◆ **TASK BRIEF**
An exact copy of the data is needed, one that excludes all pictures.

◆ **SOURCE MATERIAL**
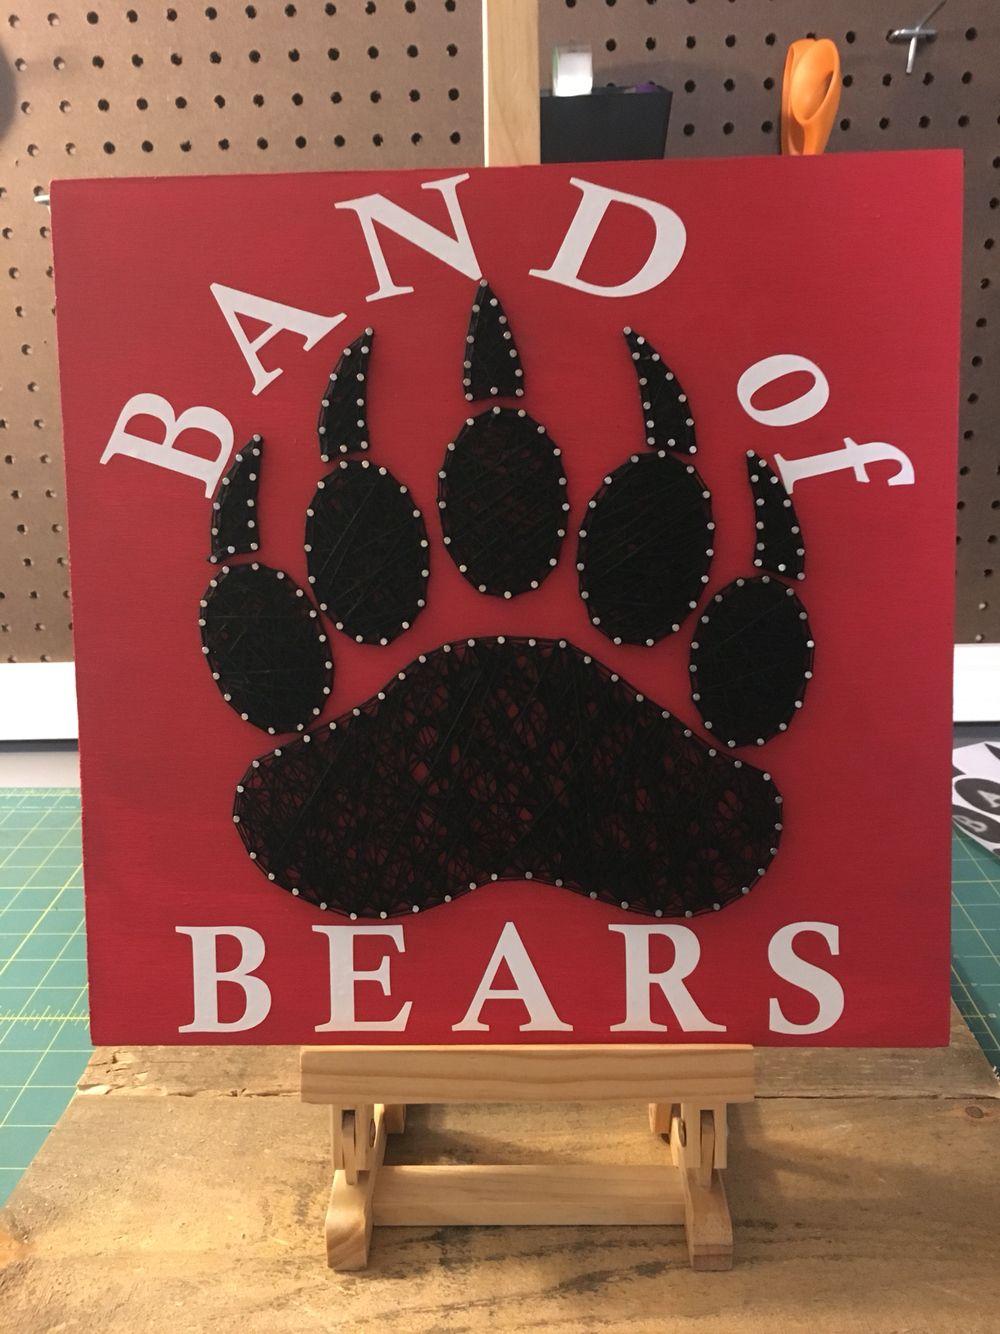 Band of Bears
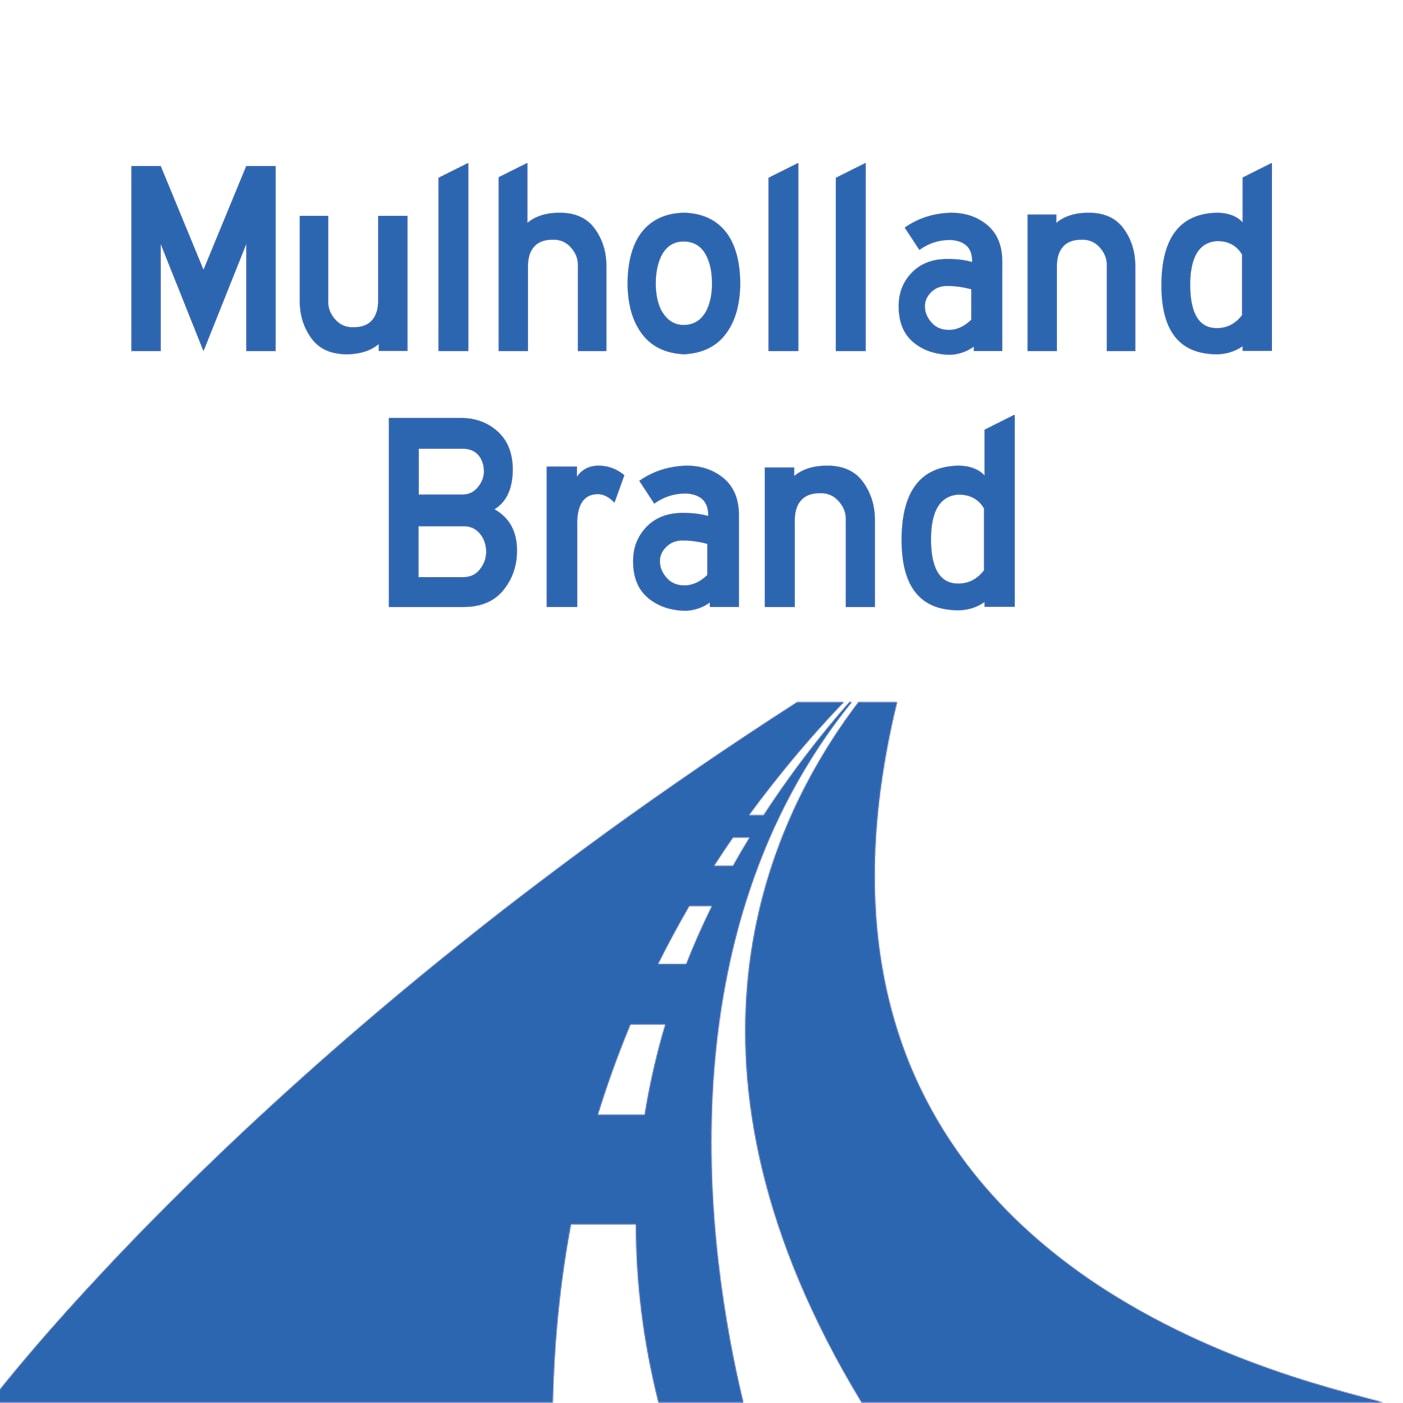 Mulholland Brand
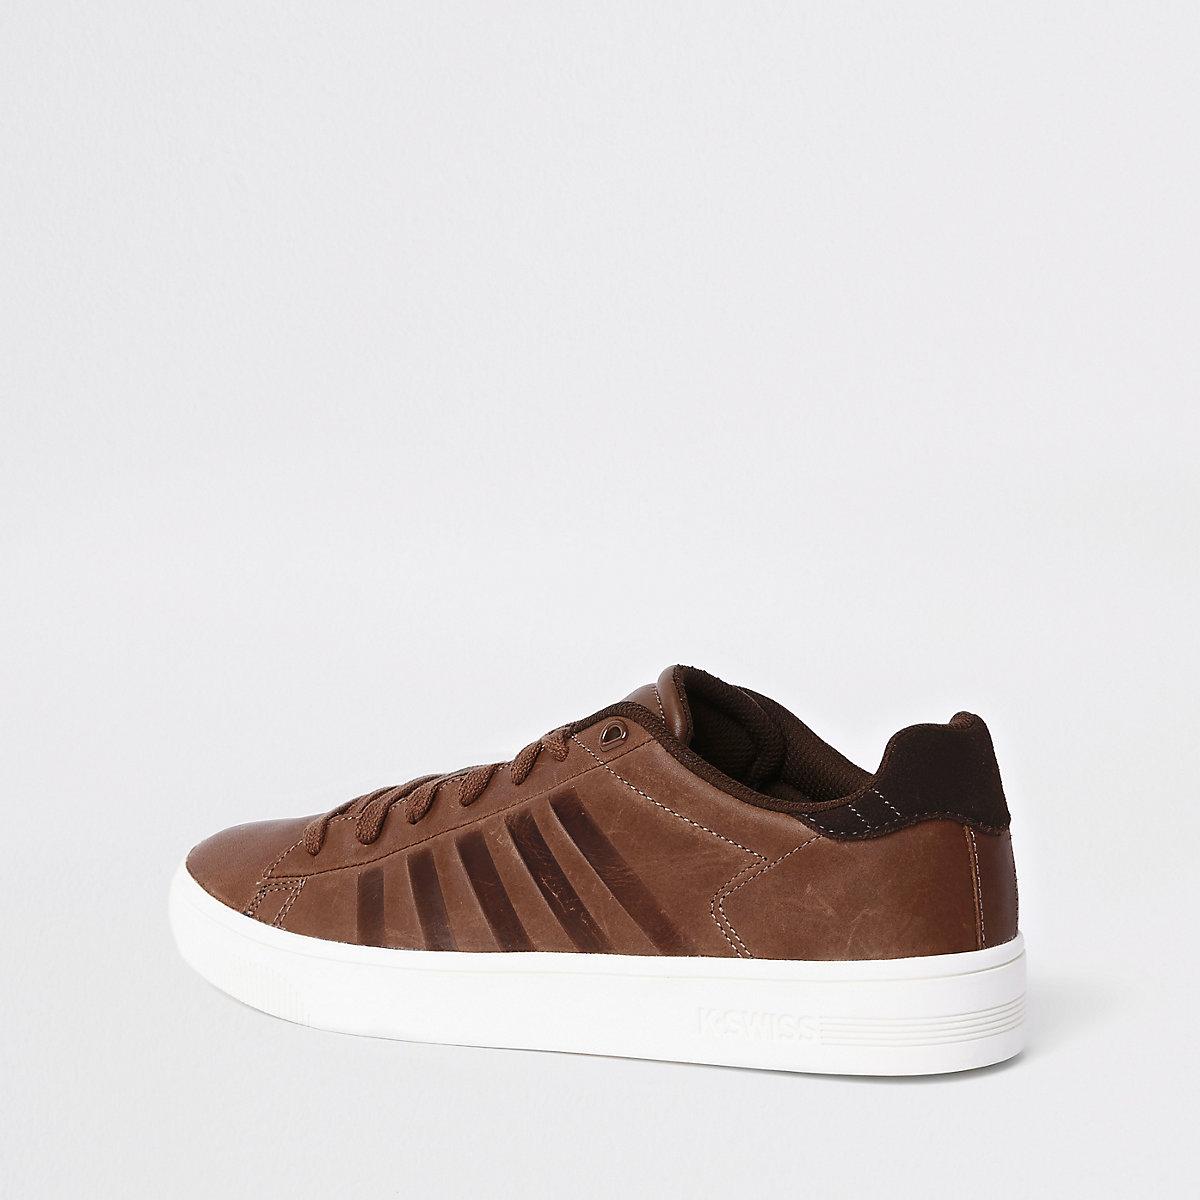 dfc17b3d5530 K-Swiss – Braune Low-Top-Sneaker mit Cup-Sohle - Schuhe   Stiefel ...
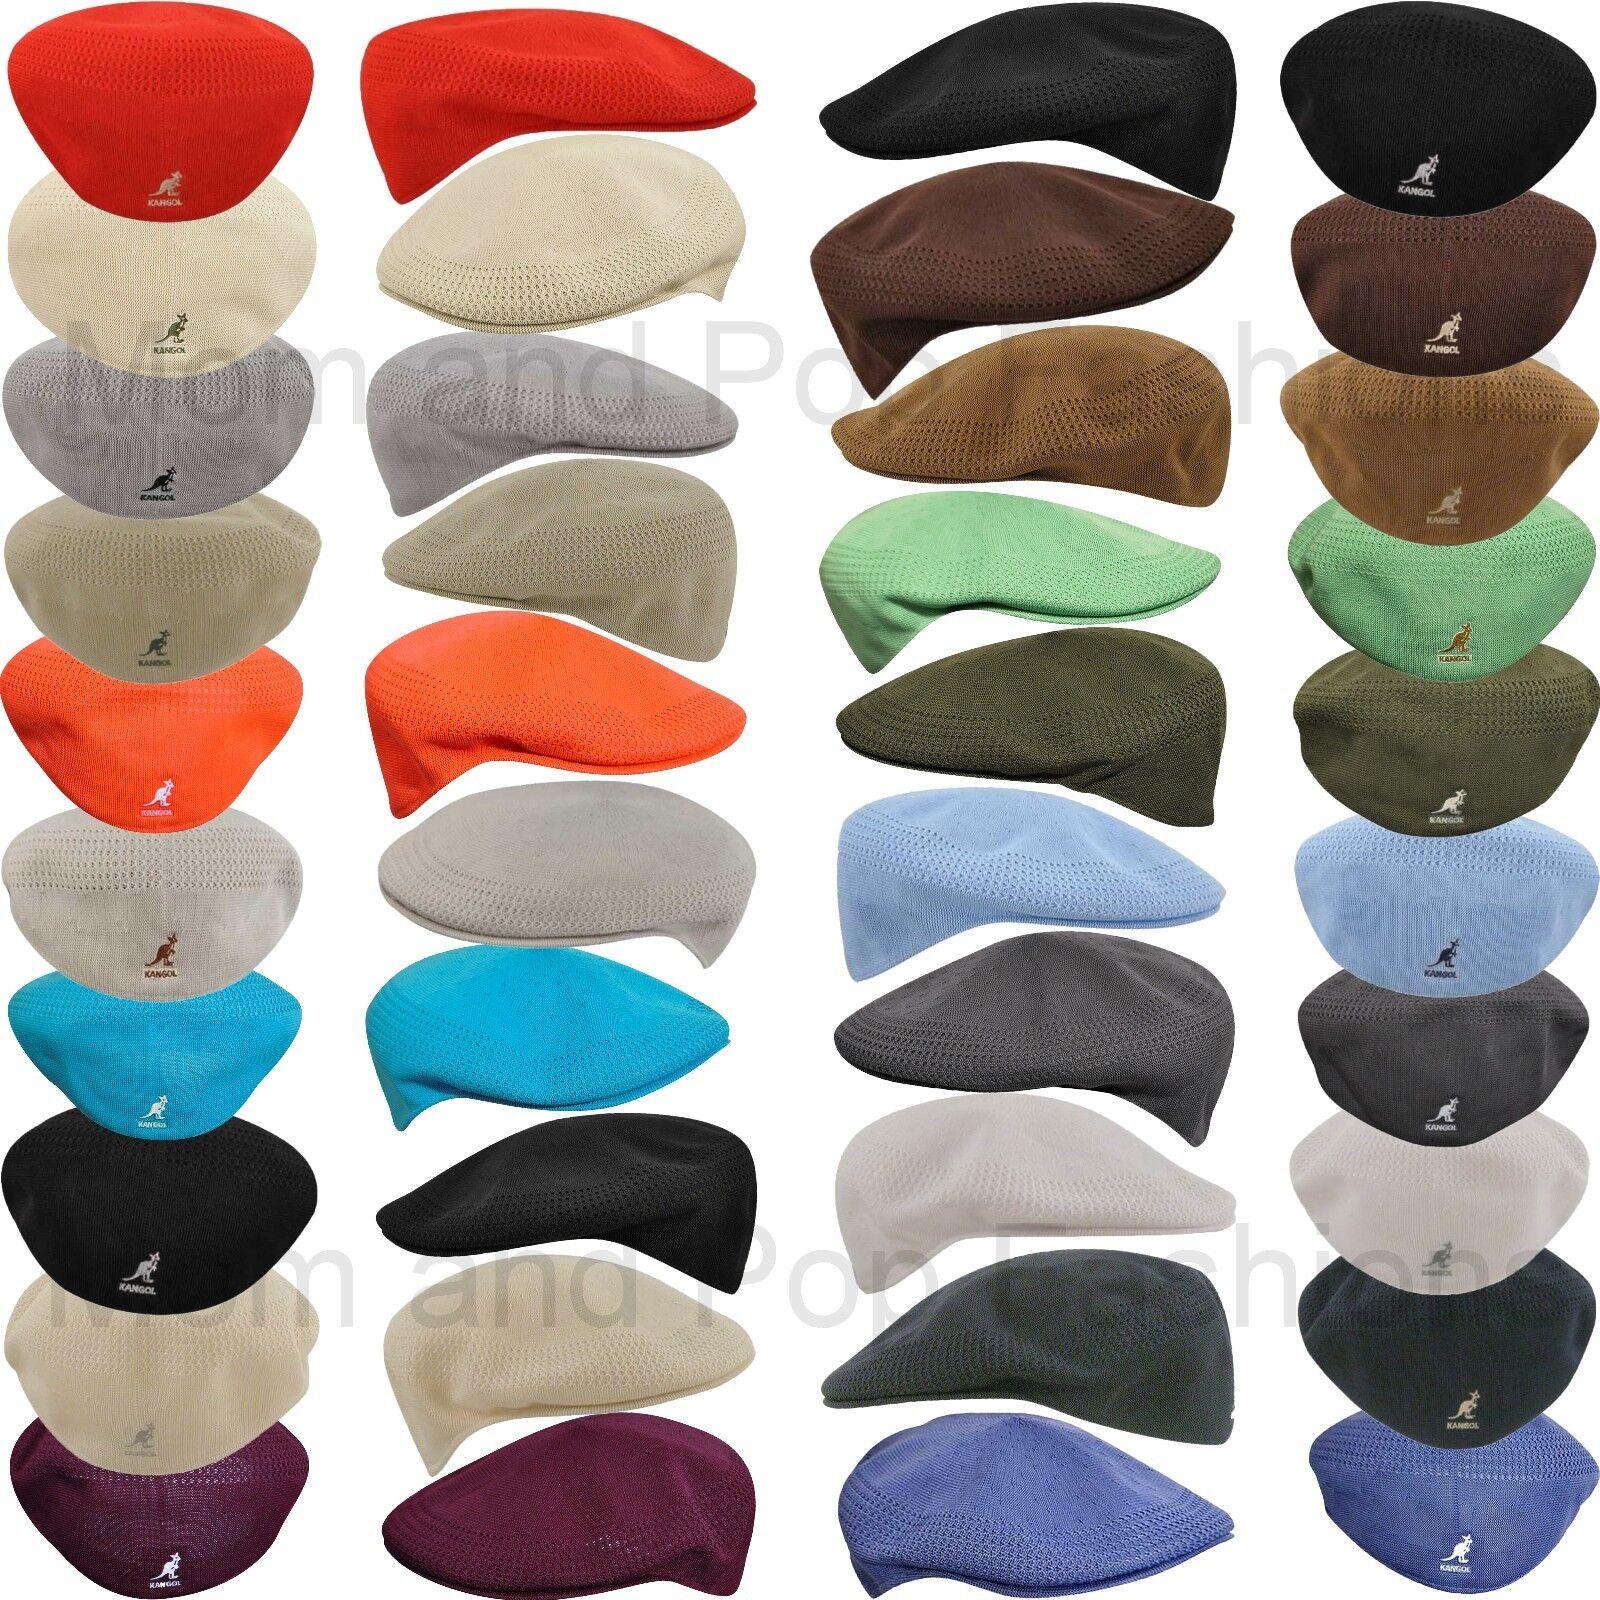 4dc8ec4460f KANGOL Hat 504 Tropic Ventair Summer Flat Cap 0290BC Biscuit Size S - XL

◆ **EXERCISE SOLUTION**
 Band of Bears
 Mulholland Brand
 dfc17b3d5530 K-Swiss – Braune Low-Top-Sneaker mit Cup-Sohle - Schuhe   Stiefel ...
 4dc8ec4460f KANGOL Hat 504 Tropic Ventair Summer Flat Cap 0290BC Biscuit Size S - XL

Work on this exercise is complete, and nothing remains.